- Born: 3 November 1961 (age 64) Aguata, Anambra State, Nigeria
- Occupation: Politician
- Known for: Member of the Nigerian House of Representatives
- Political party: People's Democratic Party
- Children: 4

= Eucharia Okwunna =

Nigerian politician (born 1961)

Eucharia Azodo Okwunna (born 3 November 1961) is a Nigerian politician. She was a member of the People's Democratic Party and the House of Representatives. In 2015, she was one of 21 female Nigerian senators.

==Life and career==
Okwunna was born on 3 November 1961 in Aguata, Anambra State, Nigeria. She was elected in 2003 and then reelected in 2007 to the Anambra State House of Assembly, where she took on the position of Speaker. She was the first woman to hold that elected position.

Okwunna was voted in as the People's Democratic Party candidate to the House of Representatives in 2011. In 2015, she was one of fifteen female members and one of ten from the People's Democratic Party to join the 8th National Assembly, where she represented Aguata.
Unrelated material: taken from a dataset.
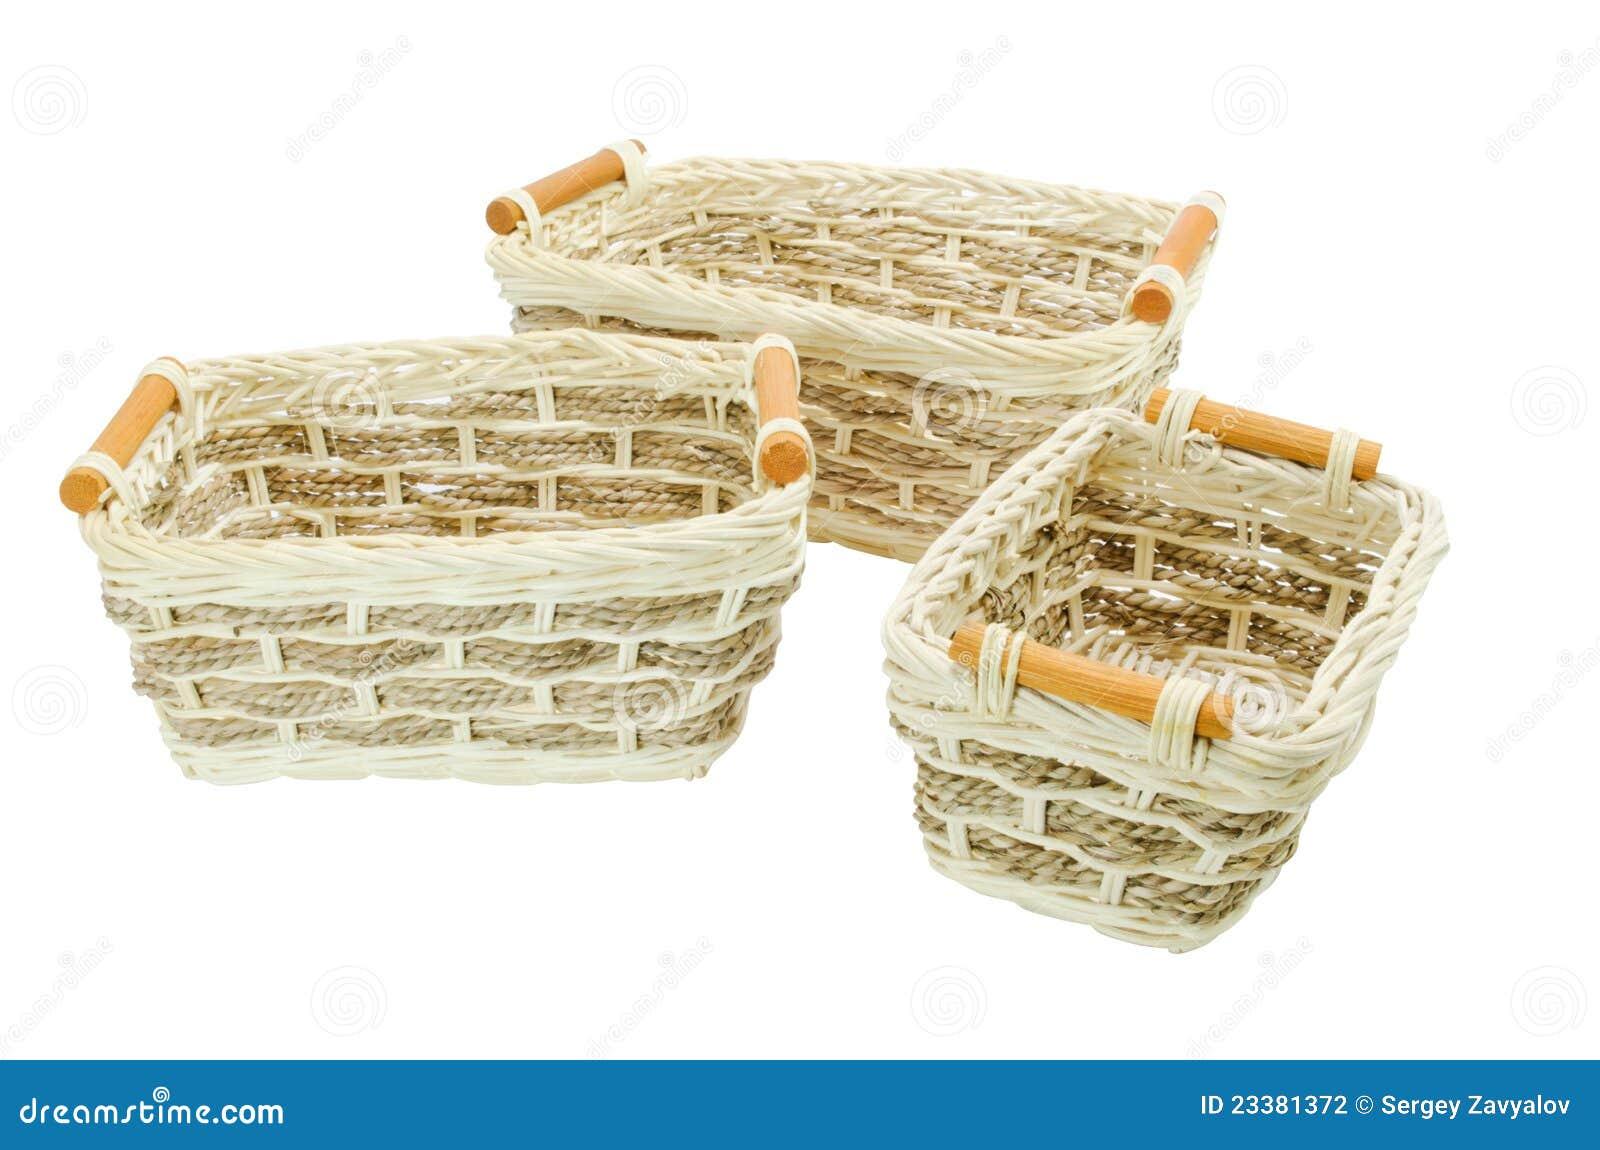 Peque as cestas de mimbre fotograf a de archivo imagen - Cestas de mimbre pequenas ...

The other PDP women were Nnenna Elendu Ukeje, Sodaguno Festus Omoni, Nkeiruka Onyejeocha, Rita Orji, Evelyn Omavovoan Oboro, Beni Butmaklar Langtang, Omosede Igbinedion Gabriella, Stella Obiageli Ngwu, and Fatima Binta Bello.

Okwunna was in the lower house for eight years before deciding to run for the senate in 2018, to represent Anambra South. She was a senator for the PDP party in 2019 and one of 21 women in the Nigerian senate.

===Personal life===
Okwunna is married to Betrand Azodo. They have four adult children, and she is a grandmother.